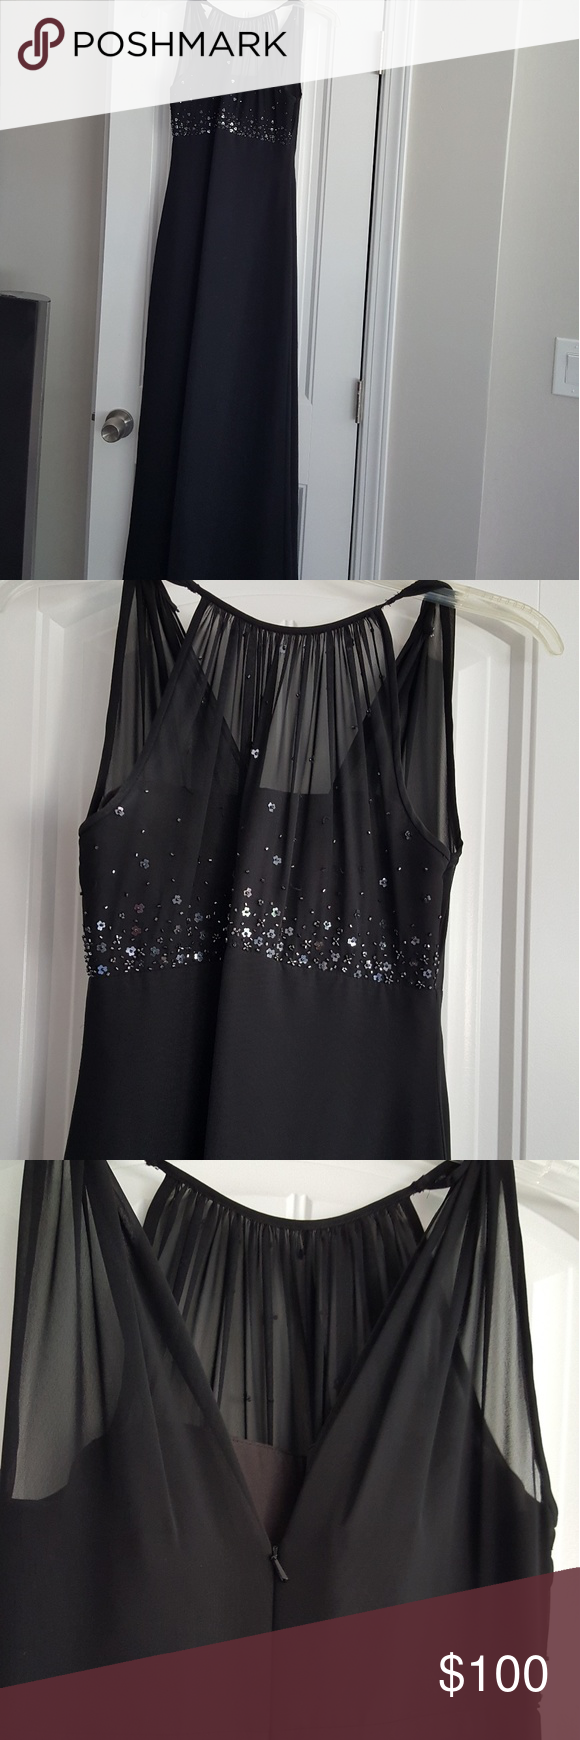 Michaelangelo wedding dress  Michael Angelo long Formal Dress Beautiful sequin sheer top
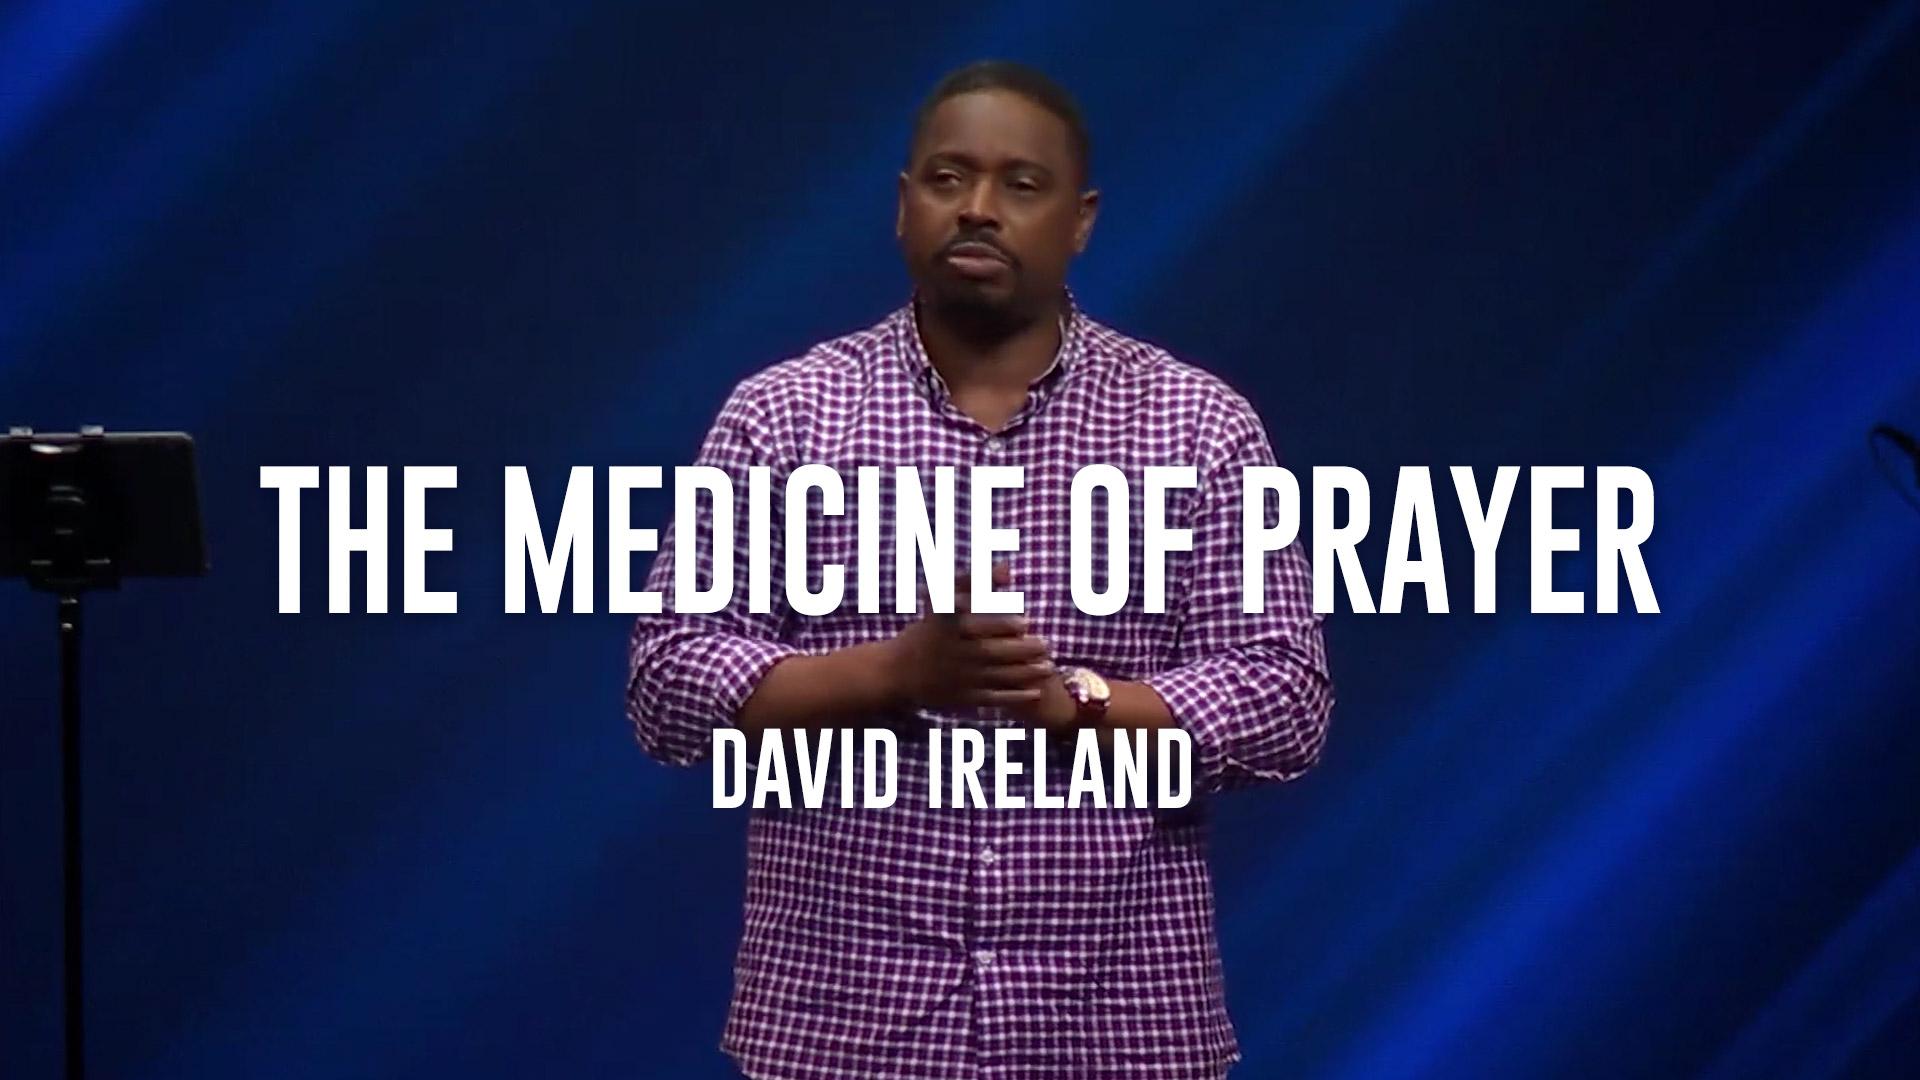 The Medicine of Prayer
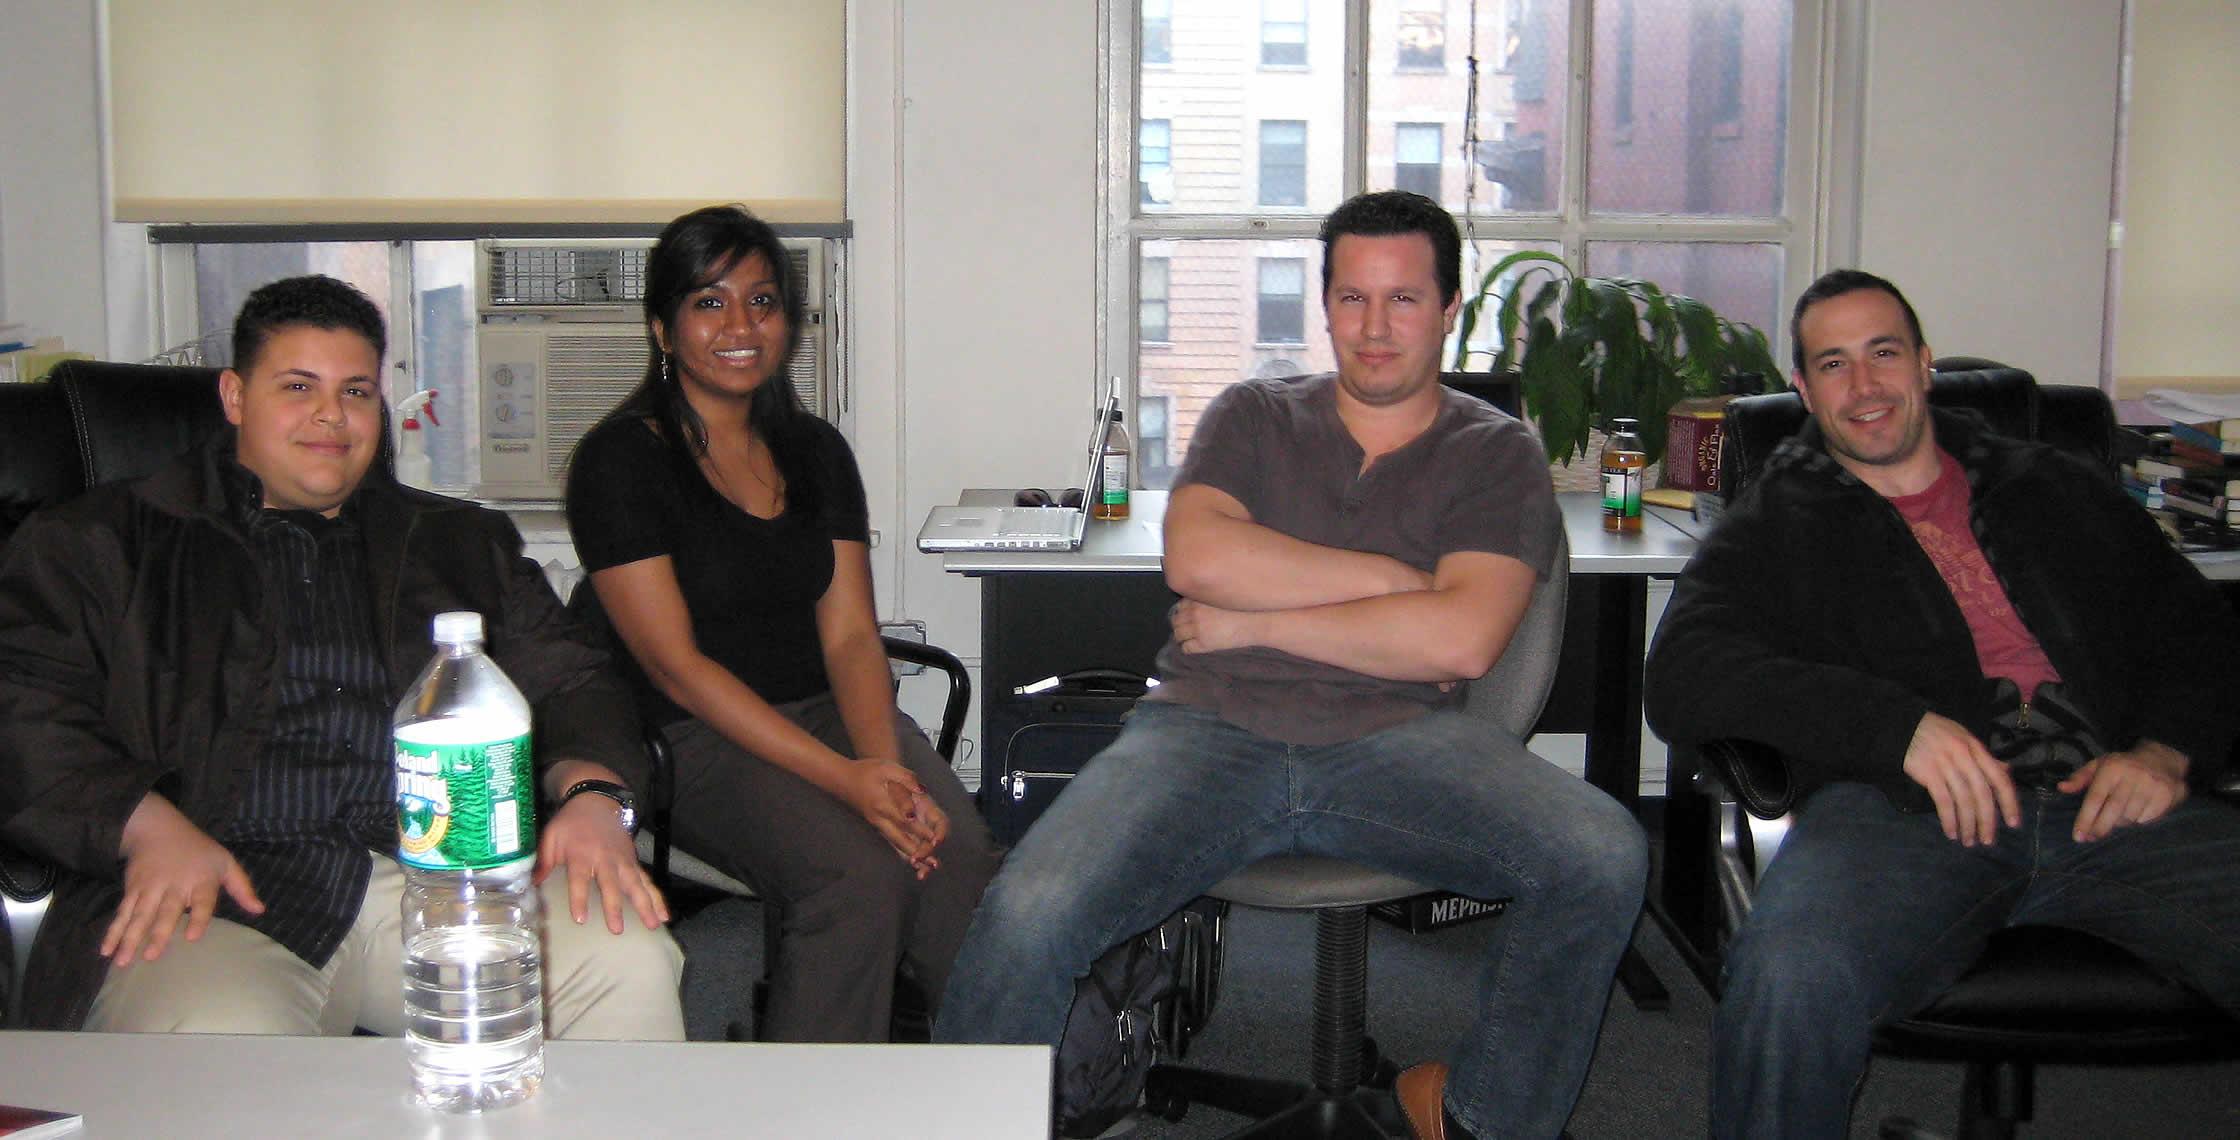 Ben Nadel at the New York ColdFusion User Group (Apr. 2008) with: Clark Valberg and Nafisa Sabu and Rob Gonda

● **EXERCISE GOAL**
Your answer should contain all the material above, written out exactly, and none of the pictures.

● **OUTPUT OF THE TASK**
 Michaelangelo wedding dress  Michael Angelo long Formal Dress Beautiful sequin sheer top
 The Medicine of Prayer
 Ben Nadel at the New York ColdFusion User Group (Apr. 2008) with: Clark Valberg and Nafisa Sabu and Rob Gonda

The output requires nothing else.